Present invention has an advantage that
1, the general steganalysis ability of method of the invention is apparently higher than based on uncompressed domain MFCC general steganalysis Method;
2, when voice duration is shorter, method of the invention is than traditional SVM Stego-detection method based on feature extraction Advantage is more obvious;
3, the method for the invention general steganalysis ability still with higher when network complexity is lower;
4, method of the invention not only can be used as dedicated steganalysis method, but also can be used as general steganalysis method; And current dedicated steganalysis method can only aimed detection part steganography.

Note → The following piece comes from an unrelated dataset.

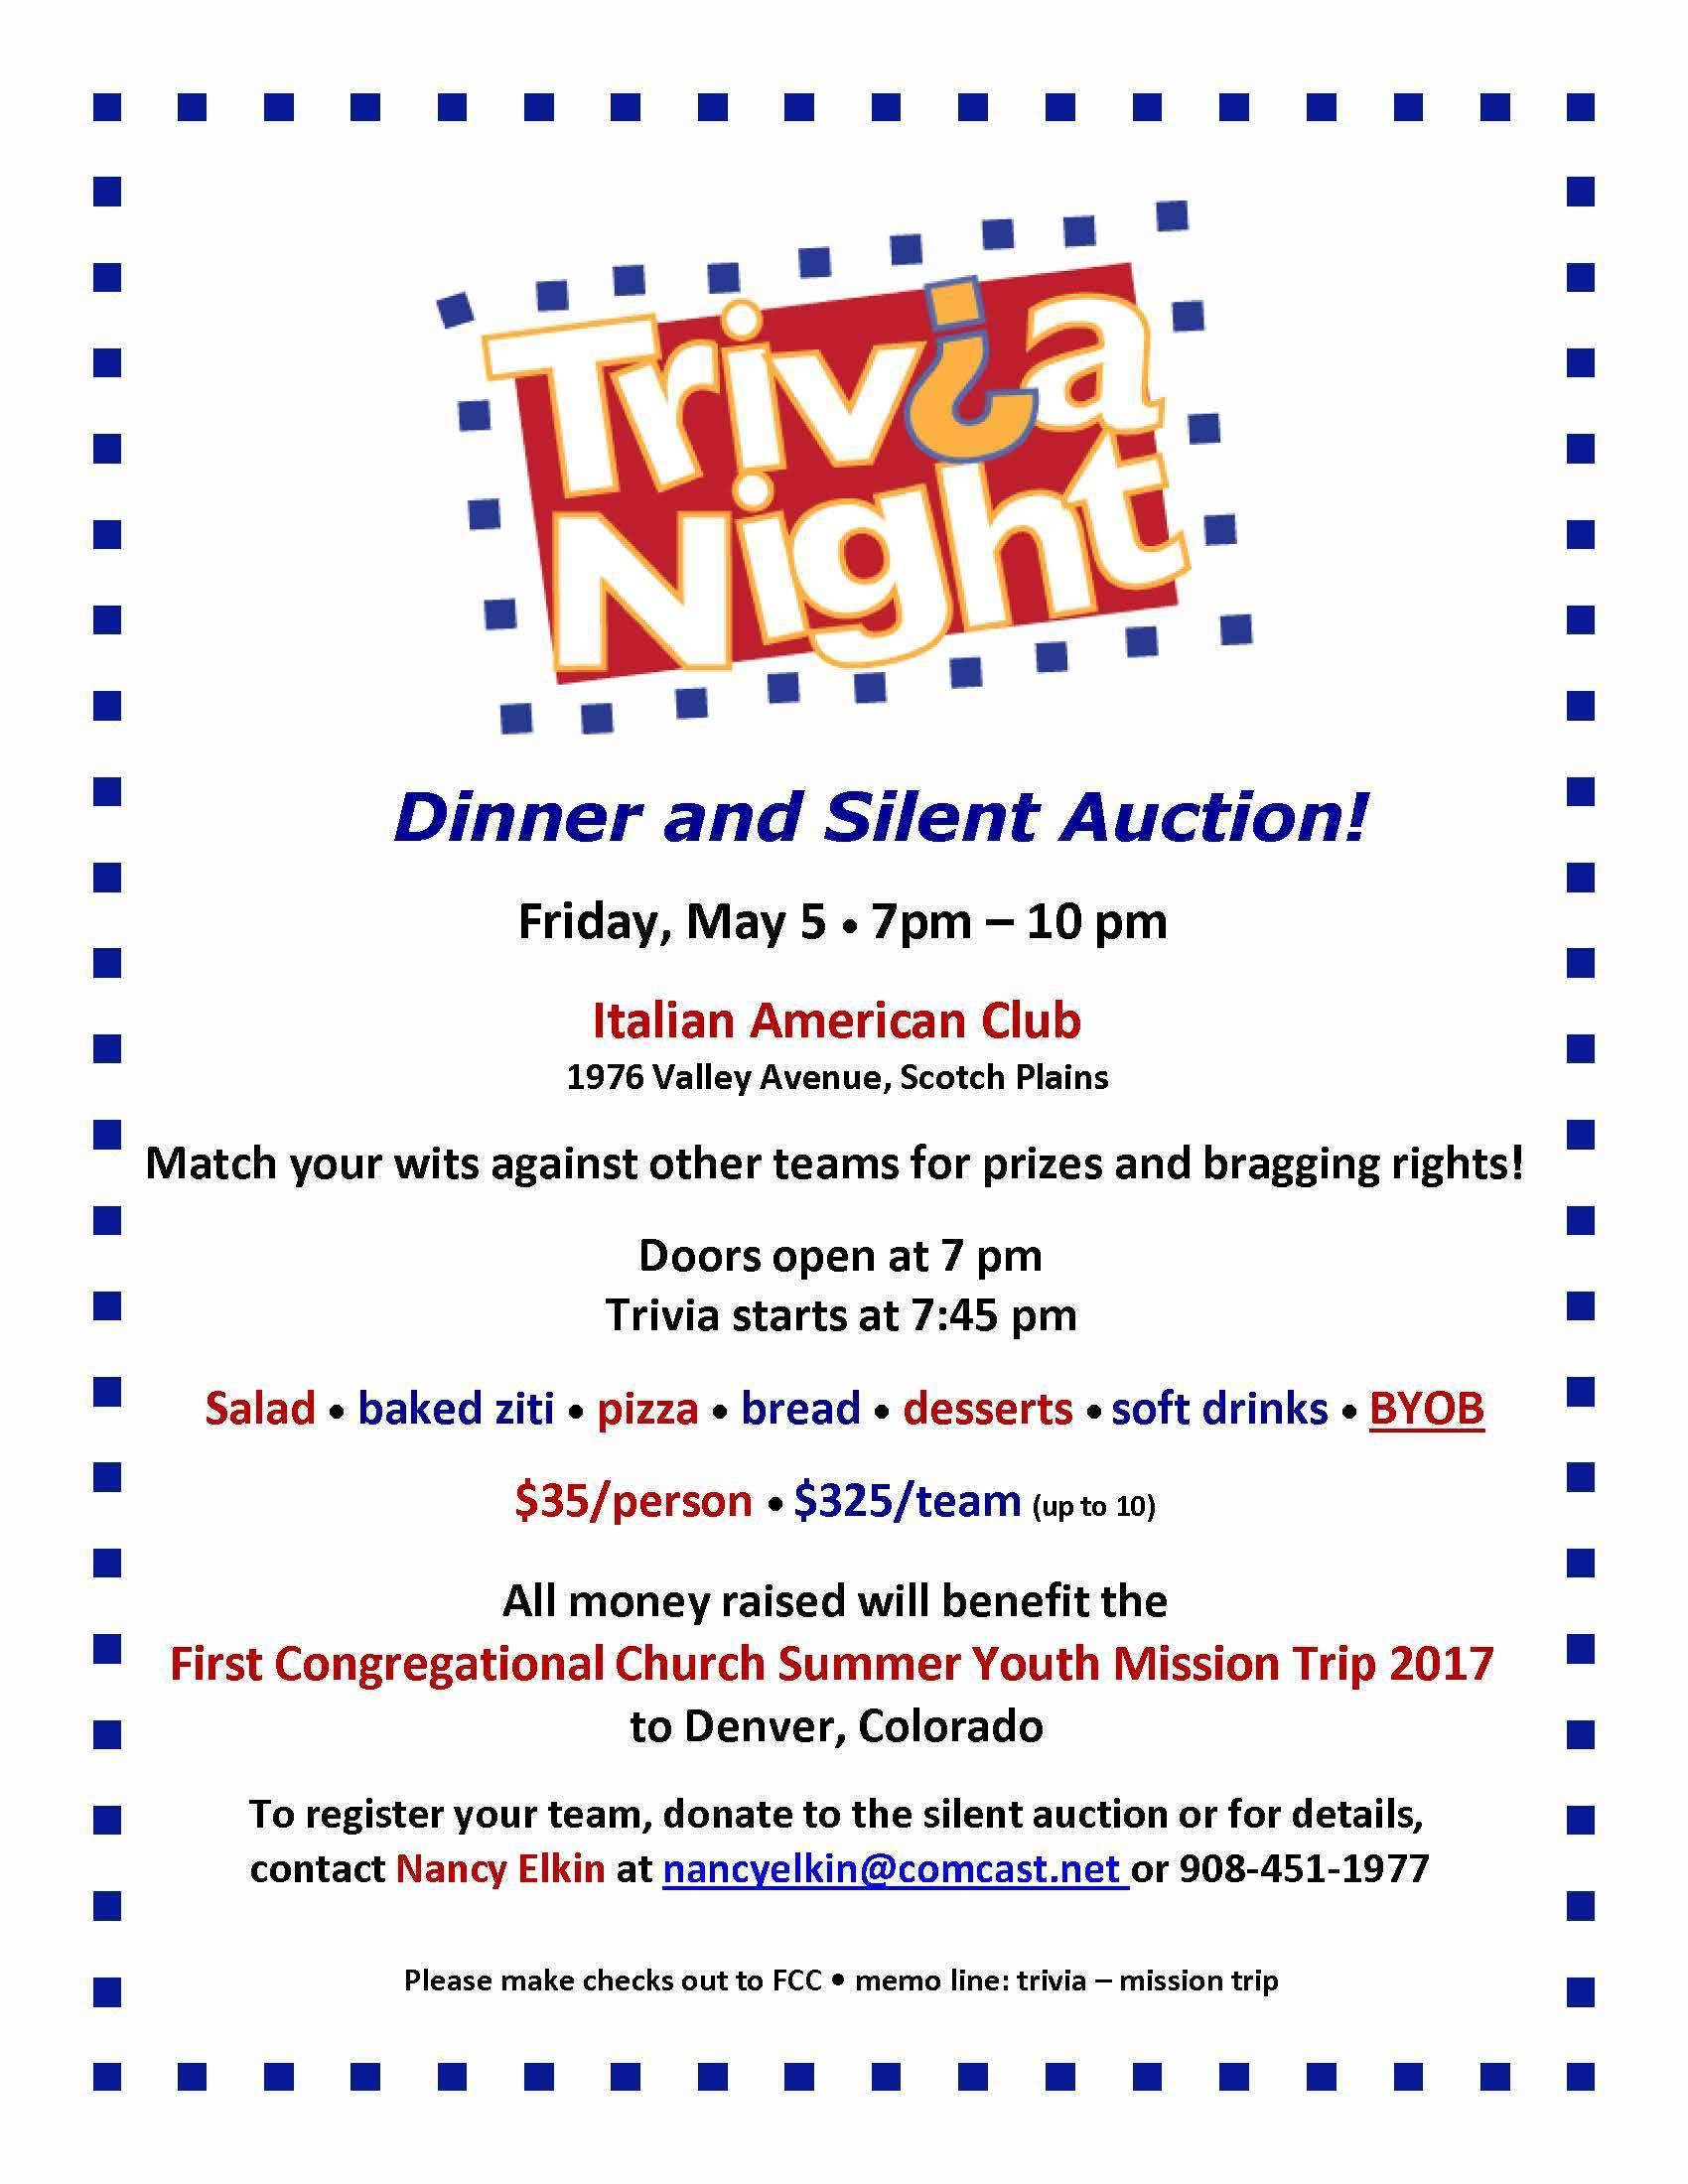 050afade4267c63d8d36_Dinner_and_Silent_Auction_flyer_2.jpg

Detailed description of the invention
Fig. 1 is symbol space time correlation network diagram proposed by the invention;
Fig. 2 is symbol Bayesian network proposed by the invention.
Specific embodiment
Synthesis analysis linear predictive coding (Analysis by Synthesis-Linear Predictive Coding, AbS-LPC) it is widely used in a variety of Low-ratespeech codings, existing AbS-LPC low rate compresses voice Stego-detection side Method is designed for certain types of steganography method, and generalization ability is weaker.For this purpose, the invention proposes one kind towards multiclass low speed The general information that rate compresses voice steganography hides detection method.Since the symbol in AbS-LPC low rate compression speech code stream is deposited In space-time relationship, and all AbS-LPC low rates compression voice steganography method is inherently to change symbol value.Therefore, The present invention is from the angle of symbol, first building symbol space time correlation network, then using in symbol space time correlation network Strong incidence edge constructs symbol Bayesian network, uses Dirichlet distribution as prior distribution learning network parameter, and be based on shellfish The general Stego-detection of this implementation of inference multiclass low rate of leaf compression voice steganography.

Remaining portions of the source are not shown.